Remaining Patient-Centric
Equally important in this journey to approval has been the voice of the patient community. Gallo emphasizes the critical role that patient experiences and feedback have played in shaping the development of arimoclomol. Understanding the daily challenges and needs of people with NPC has informed the broader advocacy and medical affairs strategies within the company. To maintain patient-centricity, Zevra works closely with patient advocacy groups and the NPC community. Gallo shares:
“Our advocacy partners have been key partners every step of the way. We understand that there are many stakeholders and try to work with each advocacy group and amplify their focus. If we’re planning an activity or looking for particular input, we always turn to these groups for that input. Every single one of them has played an important role in our drug development journey.”

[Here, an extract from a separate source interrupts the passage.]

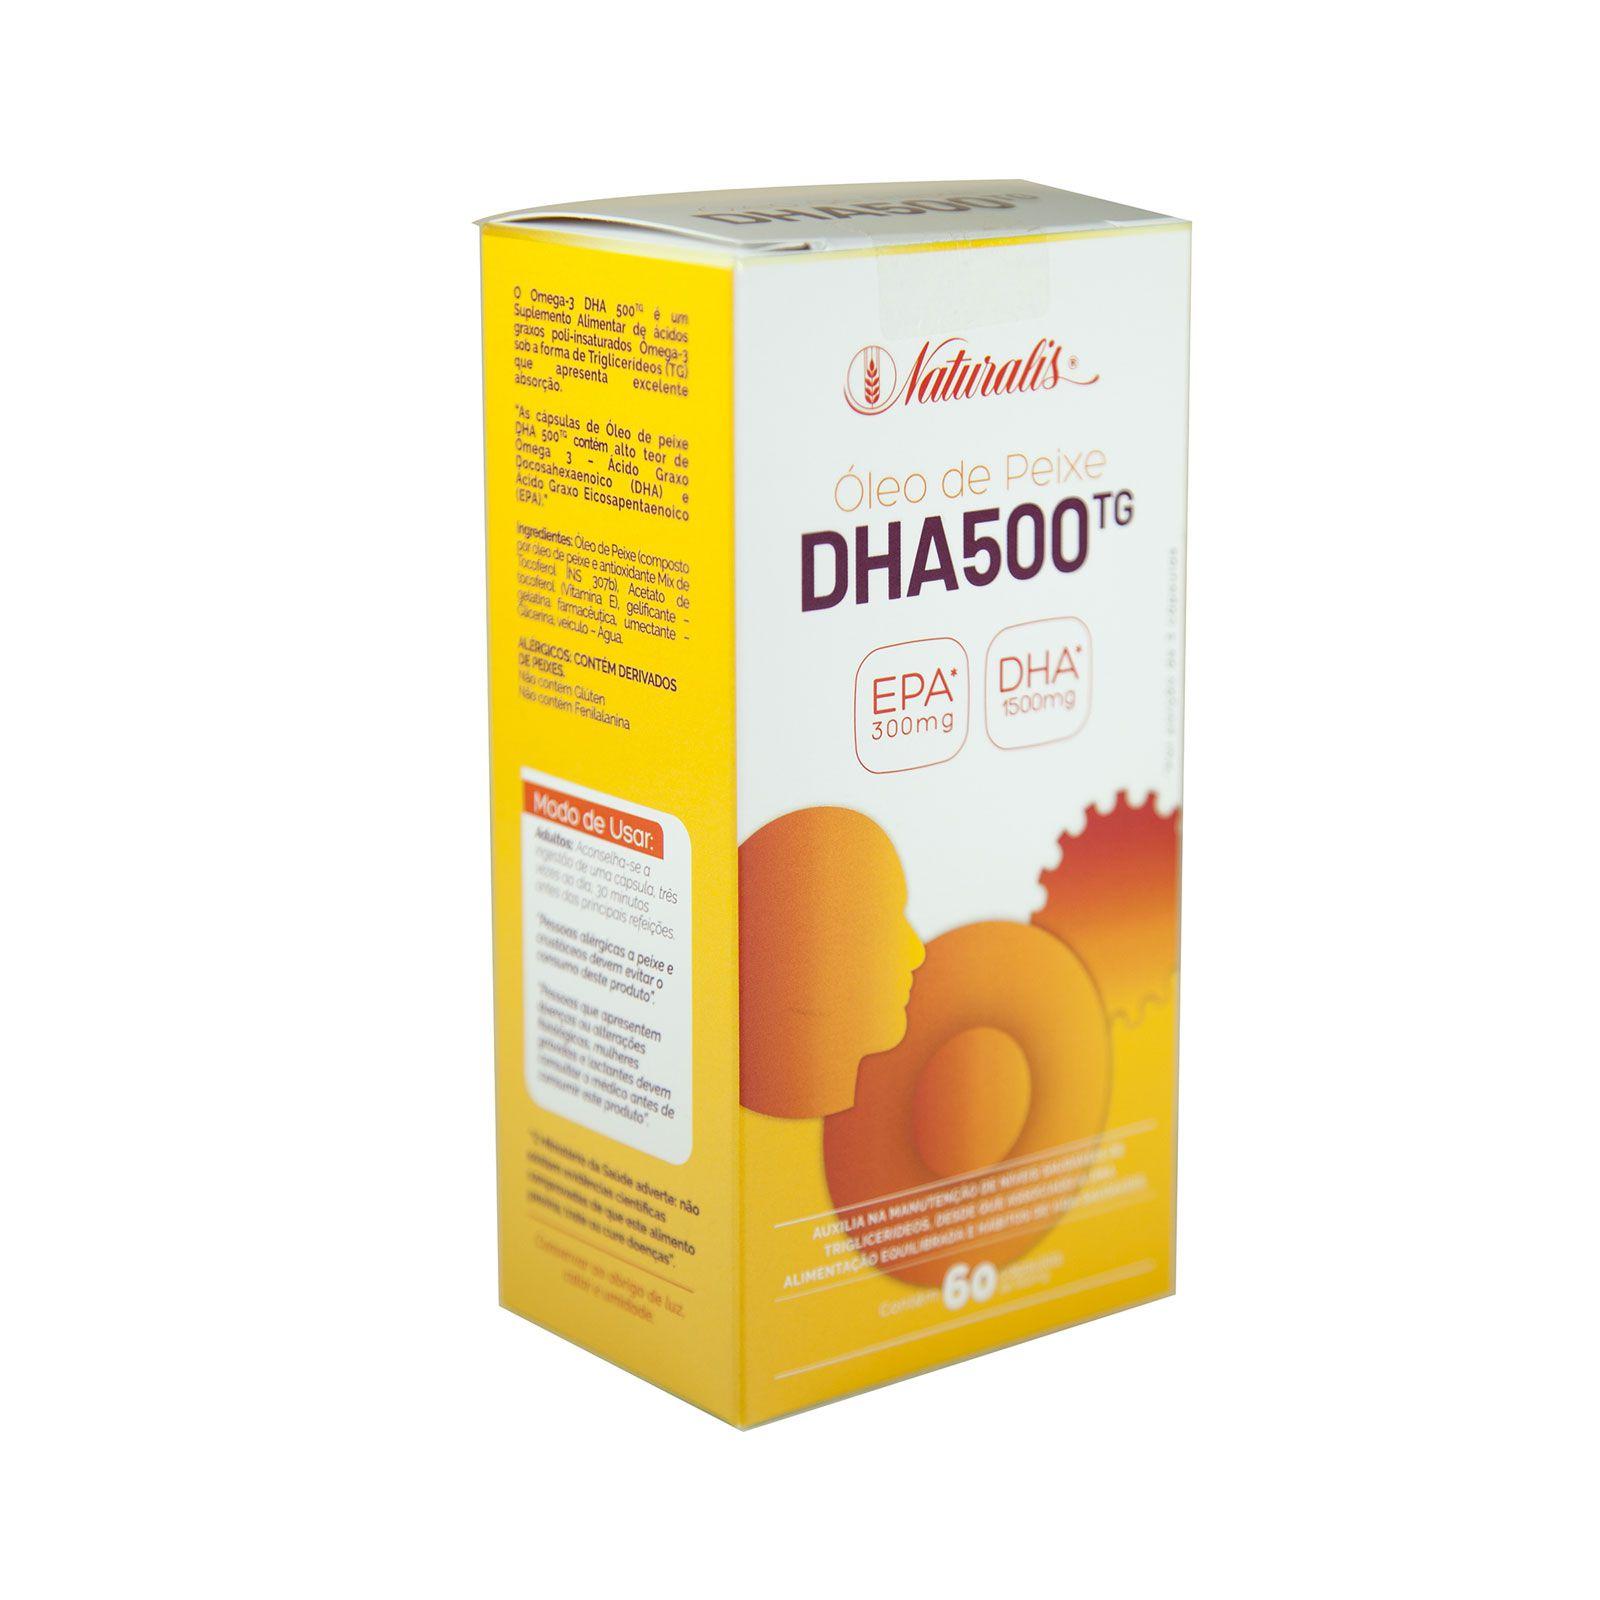 Omega-3 DHA 500 Naturalis 60 Cápsulas

For patients and families who would like to make a difference in the NPC space, Gallo suggests working with advocacy groups to learn what ways there are to contribute. He shares:
“The advocacy groups are there to help you understand what resources you have, what opportunities there are to make a difference, and how to amplify your voice to advocate for change. For example, the National Niemann-Pick Disease Foundation together with Ara Parseghian Medical Research Fund, Firefly Fund, Hope for Marian, SOAR-NPC, Dana’s Angel Research Trust, Hide & Seek Foundation and Hayley’s Hope, recently put together a statement in support of arimoclomol. Nearly 1,000 people signed the petition and provided their stories about the disease, its impact, the unmet need, their experience with arimoclomol in some cases, and how this drug has contributed to meaningful improvement in outcomes. It’s a great example of how every individual’s voice matters. For me, the takeaway is that the patient experience and patient voice is critically important in drug development.”
This patient-centric approach underscores Zevra’s dedication to not just meeting regulatory requirements, but also seeking to fundamentally improve the lives of those affected by NPC. As the PDUFA date approaches, the NPC community remains hopeful. If the FDA approves arimoclomol’s NDA, it will offer hope to the people and families who need it most.